How is racial identity represented in an Afro-Hispanic Caribbean nation like Puerto Rico? And how do racial and ethnic categories shift in the diaspora? In 1990 I directed an ethnographic study of the sociocultural causes of the census undercount in Barrio Gandul, a poor urban community in Santurce (Duany et al., 1995). At the beginning of our fieldwork, my colleagues and I asked our informants: “What race do you consider yourself to belong to?” Responses to this seemingly innocuous question ranged from embarrassment and amazement to ambivalence and silence: many informants simply shrugged their shoulders and pointed to their arms, as if their skin color were so obvious that it did not need to be verbalized. When people referred to others’ race, they often used ambiguous euphemisms (such as “he’s a little darker than me”), without making a definite commitment to a specific racial label.

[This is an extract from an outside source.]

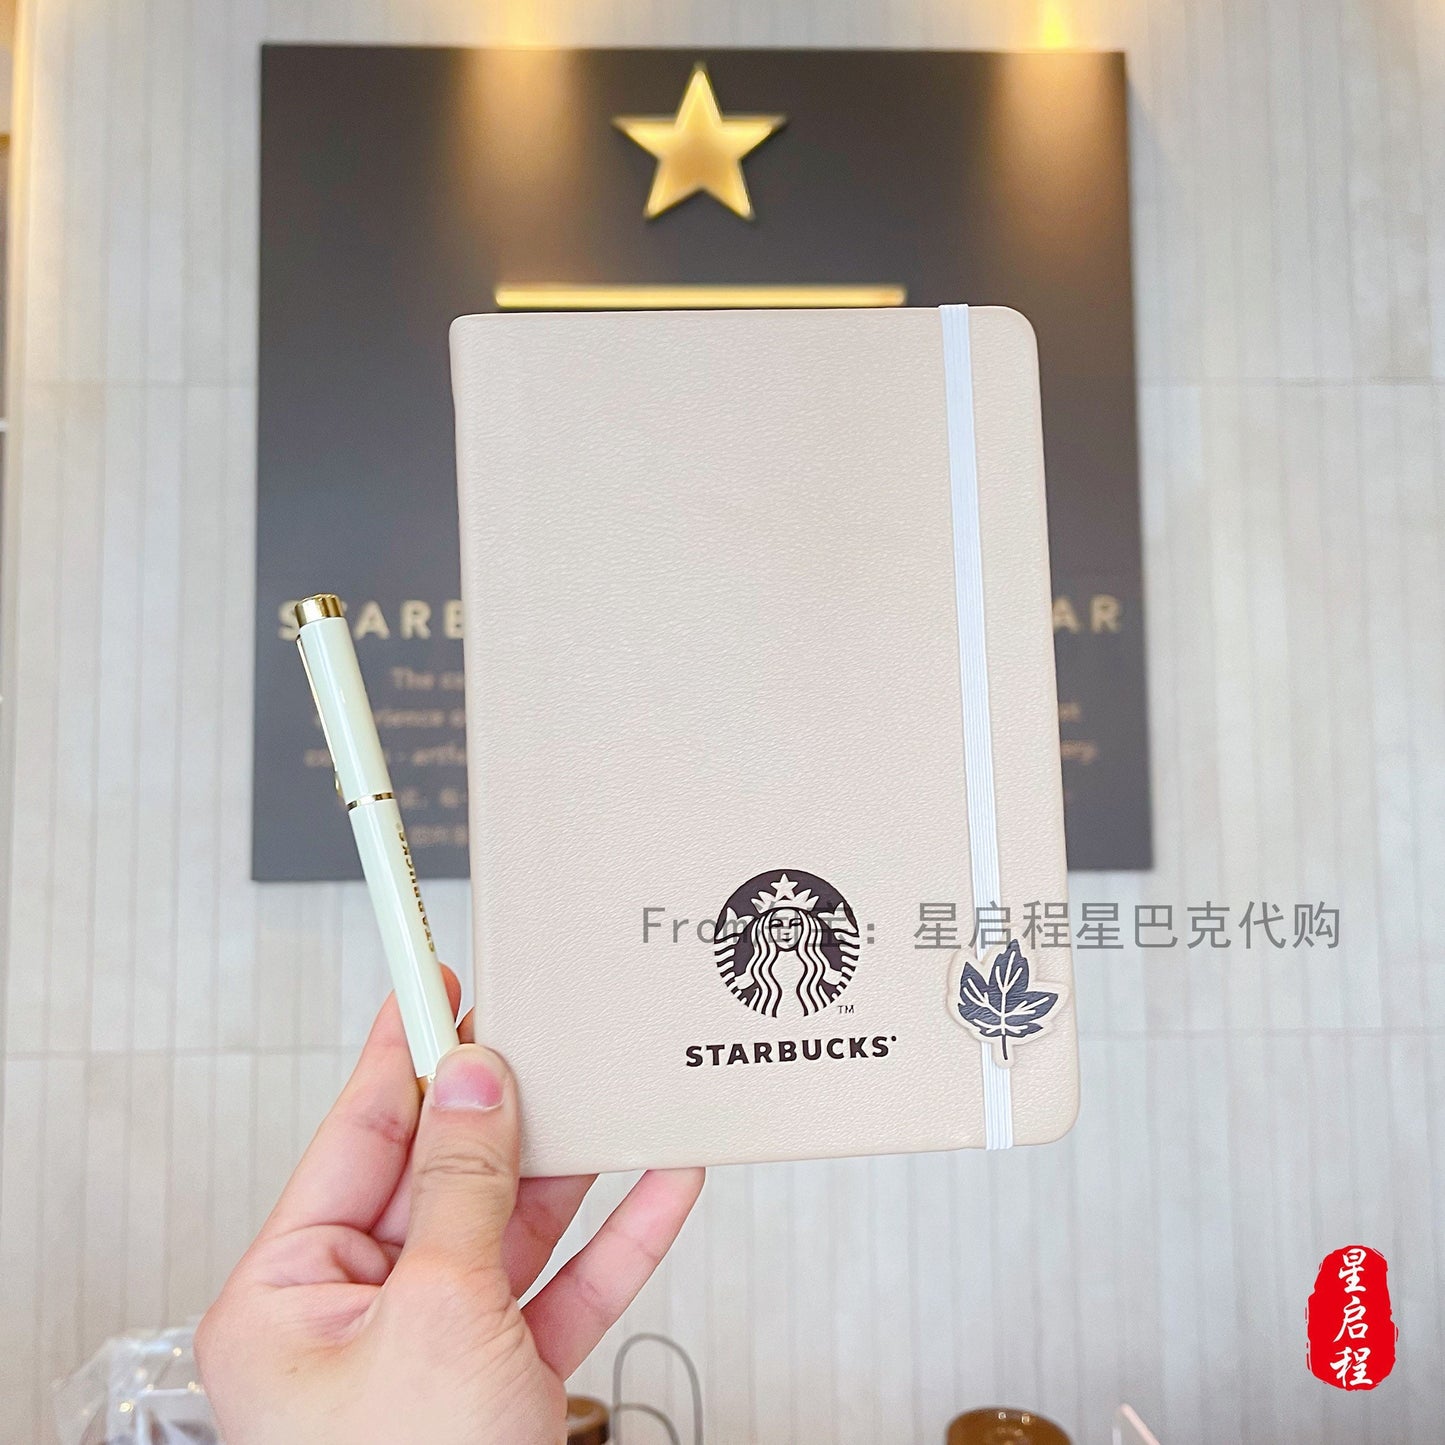 Starbucks China 2021 autumn theme table decoration with notebook & pen set

Sometimes they would employ diminutive folk terms like morenito or trigueñita (referring to dark-skinned persons), which are difficult to translate into U.S. categories. For the purposes of this research, it seemed culturally appropriate to collect our impressions of people’s phenotypes as coded in Hispanic Caribbean societies such as Puerto Rico and the Dominican Republic. However, this procedure left open the question of the extent to which the researchers’ racial categories coincided with the subjects’ own perceptions.

Keywords

Government Printing Racial Identity Racial Composition Racial Category Latin American Immigrant 
These keywords were added by machine and not by the authors. This process is experimental and the keywords may be updated as the learning algorithm improves.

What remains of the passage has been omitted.